The entire 1,140-nucleotide region of the cytochrome b gene of mtDNA was amplified by PCR, as previously described [17, 18], to confirm the taxonomic identity of the hantavirus-infected shrew and to examine its phylogenetic relationship to other shrew hosts.

Results and Discussion

RT-PCR and sequence analysis

In analyzing lung tissues from 39 Buettikofer's shrews (Crocidura buettikoferi), 5 Jouvenet's shrews (Crocidura jouvenetae), 9 West African pygmy shrews (Crocidura obscurior) and 21 African giant shrews (Crocidura olivieri) by RT-PCR using multiple primer pairs, novel hantavirus RNAs were detected in a West African pygmy shrew, captured in Azagny National Park (latitude, 5°14.5' N; longitude, 4°48.1' W), Côte d'Ivoire, on December 15, 2009 (Figure 1). The identity of the West African pygmy shrew (GenBank JF276229), in which AZGV was detected, was confirmed by phylogenetic analysis of the 1,140-nucleotide mtDNA cytochrome b gene (results not shown).

Although hantavirus RNAs were not found in tissues of the other three African crocidurine shrew species tested, we believe it is simply because suitable oligonucleotide primers were not designed.

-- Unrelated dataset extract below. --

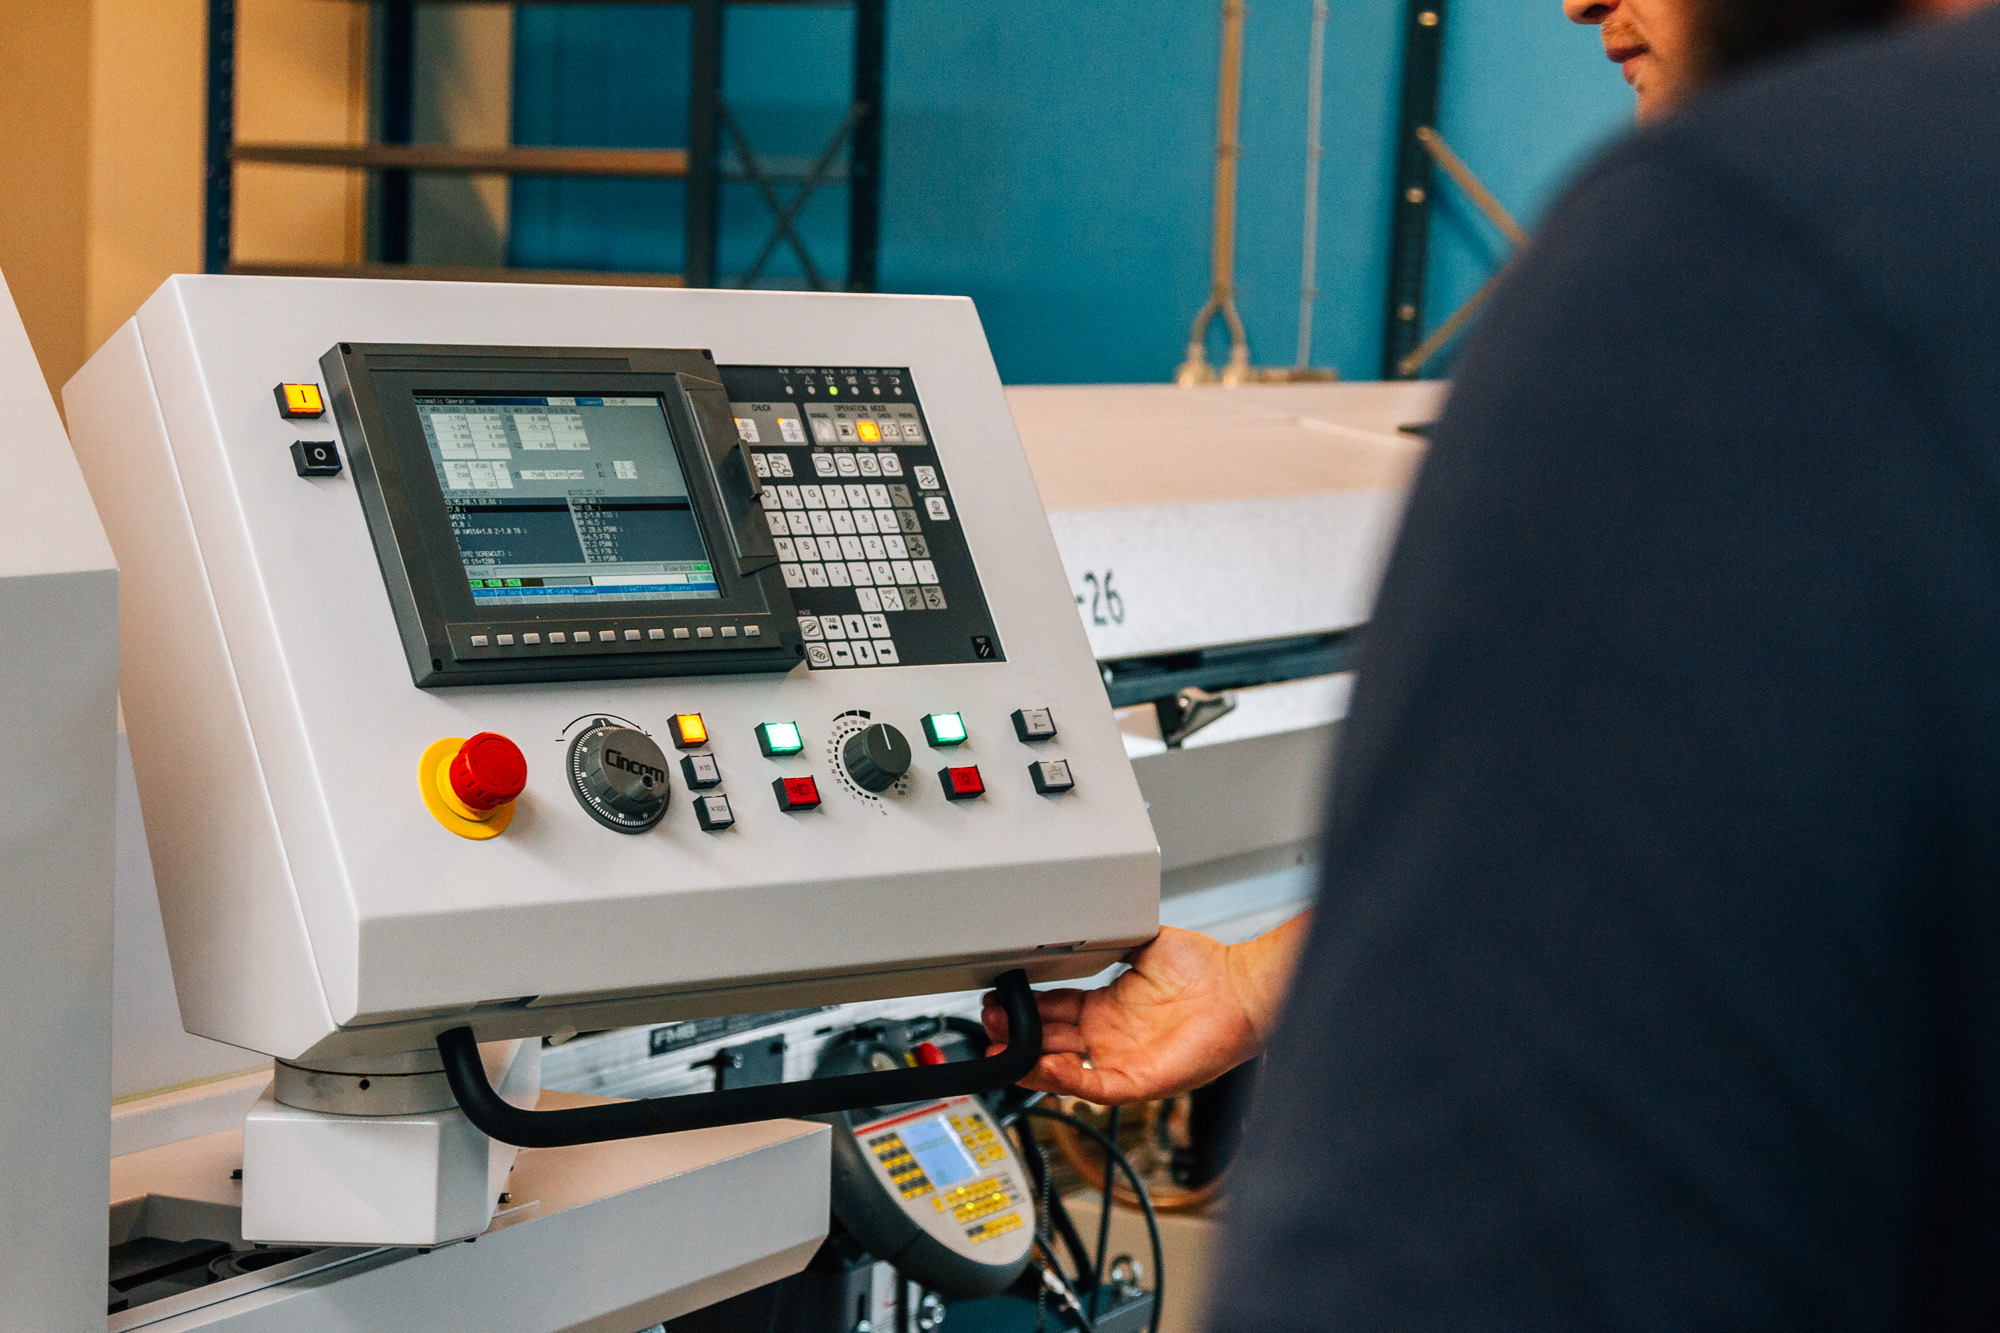 Ossi-Connectors-FJH-die-Steckverbinder-GmbH-5

This conjecture is based on our past experience of repeated failed attempts before the successful detection of soricomorph-borne hantaviruses [1719]. Thus, continuing efforts are ongoing to retest these specimens, and future expeditions are being planned to collect tissues suitable for virus isolation attempts.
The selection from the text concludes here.